Some Catholic schools in Chicago Archdiocese will close

SHARE Some Catholic schools in Chicago Archdiocese will close

UPDATE: Closed schools include one in Skokie and another in Highwood.

Citing rising costs and low enrollment, Cardinal Francis George has said some Archdiocese Schools will be closed or consolidated.

George made the announcement in Catholic New World, the Archdiocese of Chicago’s newspaper.

“We will not be able to maintain all schools in their current form,” George wrote in a column that did not identify any specific schools targeted under the plan.

“Some school communities will be welcomed into healthier schools to bolster them further. Others will come together to form a new consolidated school that will use the best of the schools’ buildings, teachers resources and program approaches.”

The news should not surprise some of the schools, as the archdiocese was sending signals earlier this year to those that were at a critical point.

“A fairly large group of schools at risk have an average enrollment of only 145, well below the required minimum of 225,” George wrote.

Meetings were held with those at-risk schools in May to notify them of their status, George wrote. But “many of these schools were not able to grow in student numbers” he added.
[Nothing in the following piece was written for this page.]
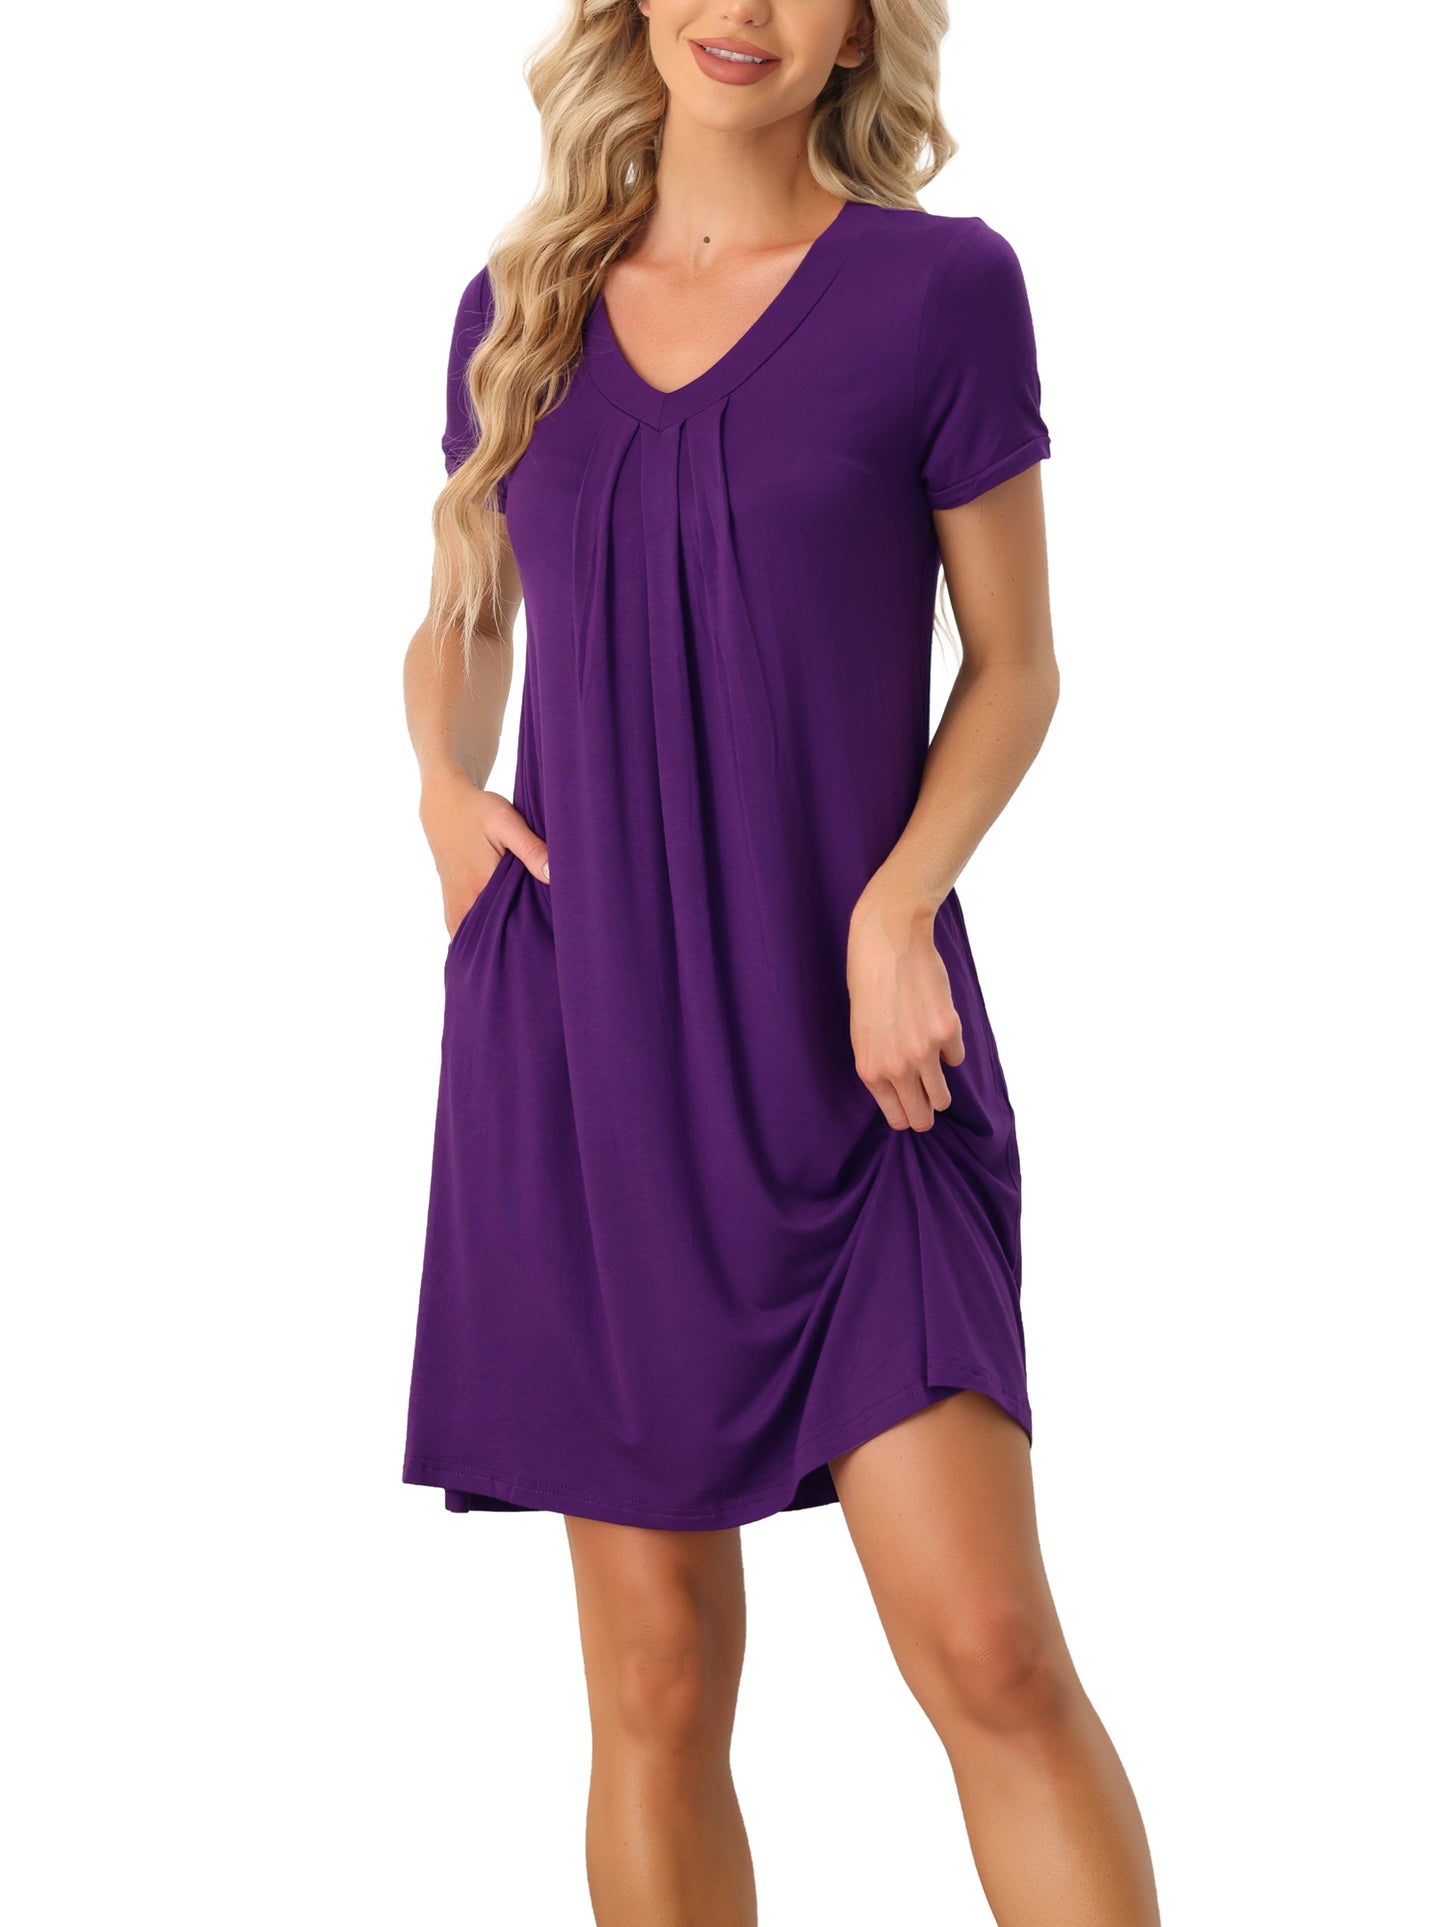 cheibear Pajama Dress Nightshirt Sleepwear V-Neck with Pockets Lounge Nightgown Dark Purple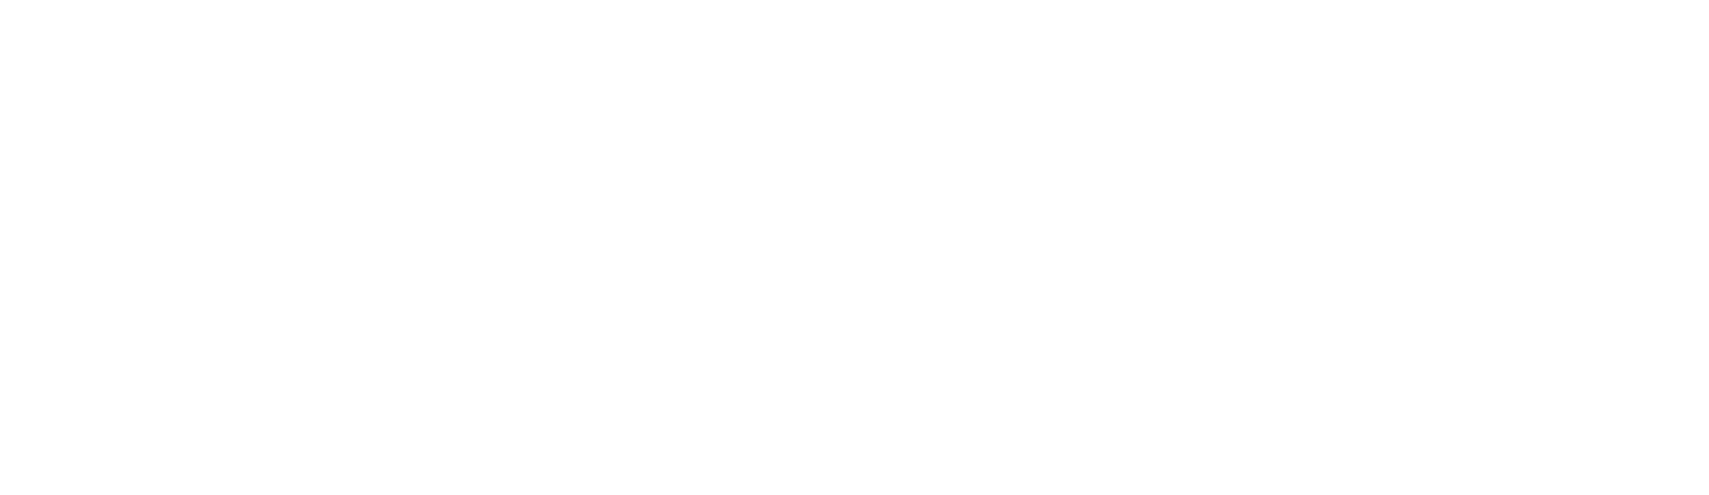 Chartwell-Travel-Black

“Supporting many low enrollment schools, particularly those with demographic challenges, spreads our scarce resources very thin and limits our ability to invest dollars in strengthening viable school offerings for our students.”

The Archdiocese school system currently educates more than 82,000 Chicago-area children in 240 elementary and high schools, George wrote.

“We remain as committed as ever to Catholic education, and we believe a more appropriately sized network will enable us to strengthen our system and serve our children more effectively.”

George wrote that though operating costs are lower than at public schools, expenses have continued to rise. As a result, he wrote, “the cost of a Catholic education is now beyond what many families can afford.” Because of this, the archdiocese has helped fund school operating costs to the tune of about $165 million from local parish contributions and Archdiocesan assets over the past five years, he wrote.

Operating aid to schools from the archdiocese was more than $23 million in the 2012 fiscal year. It has declined slightly, George wrote, to $18 million in the 2014 fiscal year.

The announcement of which schools will come at 3:30 p.m. today.